Axial CT, PET, and fused images of 18F-FDG PET/CT through the lower abdomen showing intense physiological uptake within the ileocecal junction (A), benign sessile tubular adenoma (B), and metastatic deposit at the ileocecal junction from patient’s known poorly differentiated gastric adenocarcinoma with signet ring cell features (C).

Figure 7:

Variable FDG uptake within the colon. A) Intense diffuse uptake throughout the large bowel in patient on metformin. B) Segmental intense uptake within the sigmoid colon with bowel wall thickening in a patient with known ulcerative colitis without active symptoms. C) Intense uptake secondary to attenuation artifact from oral contrast media. D) Moderately intense diffuse uptake within the distal large bowel in a patient with active ulcerative colitis.
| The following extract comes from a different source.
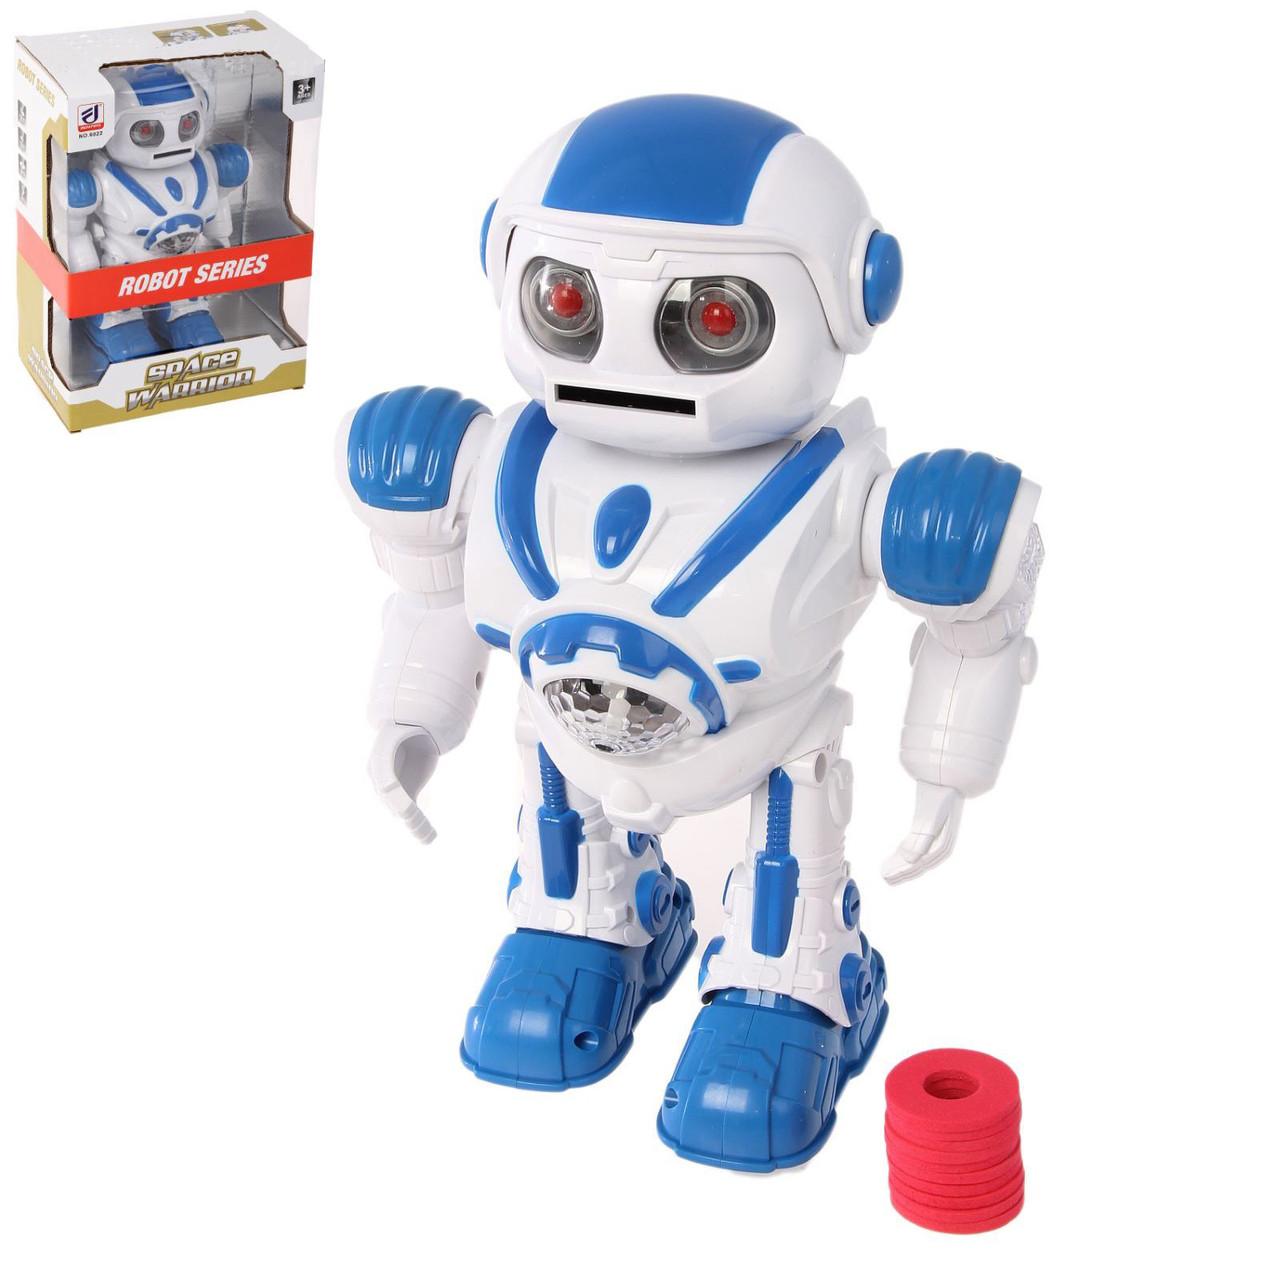 Робот на батарейках Space Warrior Космический воин 6022, свет, звук

E) Post-radiation colitis of the hepatic flexure (E2) in a patient who underwent radiation therapy for a moderately intense right posterior peritoneal metastasis (E1; yellow arrows). Post-radiation, the nodule decreased in size; however, intense uptake is seen within the adjacent hepatic flexure (E2; blue arrows). Bowel uptake resolved on subsequent imaging with residual low-grade uptake within the peritoneal nodule (E3).

Figure 8:

Benign and malignant FDG uptake within the bowel. A) Moderately intense uptake within a gas filled normal appendix. B) Intensely avid diverticulitis within the descending colon (B1), which resolved on follow up imaging two weeks later (B2). C) Intensely avid hepatic flexure tubule-villous adenoma. D) Benign intense uptake within a left anterior abdominal wall stoma. E) Rectal cancer with a mildly avid large mucinous component as seen on axial T2W MRI. F) Mildly avid right lateral wall rectal neuroendocrine tumor. G) Physiologic intense uptake within the anal canal in a patient undergoing 18F-FDG PET/CT for head and neck cancer. H) Moderately avid internal/external hemorrhoids at the anal verge as seen on MRI and also noted on clinical examination. I) Moderately intense radiation proctitis. J) Intense uptake along the rectovaginal fistula as seen on MRI.

Figure 9:

Axial fused and CT images of 18F-FDG PET/CT demonstrating moderately intense mesenteric panniculitis (A), left lower quadrant fat necrosis (B), intense uptake relating to surgical mesh hernia repair (C), moderately intense uptake with a hernia plug (D), mildly avid splenules at the pancreatic tail (E), intensely avid transposed ovary within the left paracolic gutter (F), low-grade malignant ascites from unknown primary (G), intensely avid post-surgical abscess adjacent to the ascending colon (H), minimally avid peritoneal mesothelioma within the right lilac fossa (I), and a minimally avid recurrent peritoneal metastatic deposit at the splenectomy bed from a pancreatic tumor (J).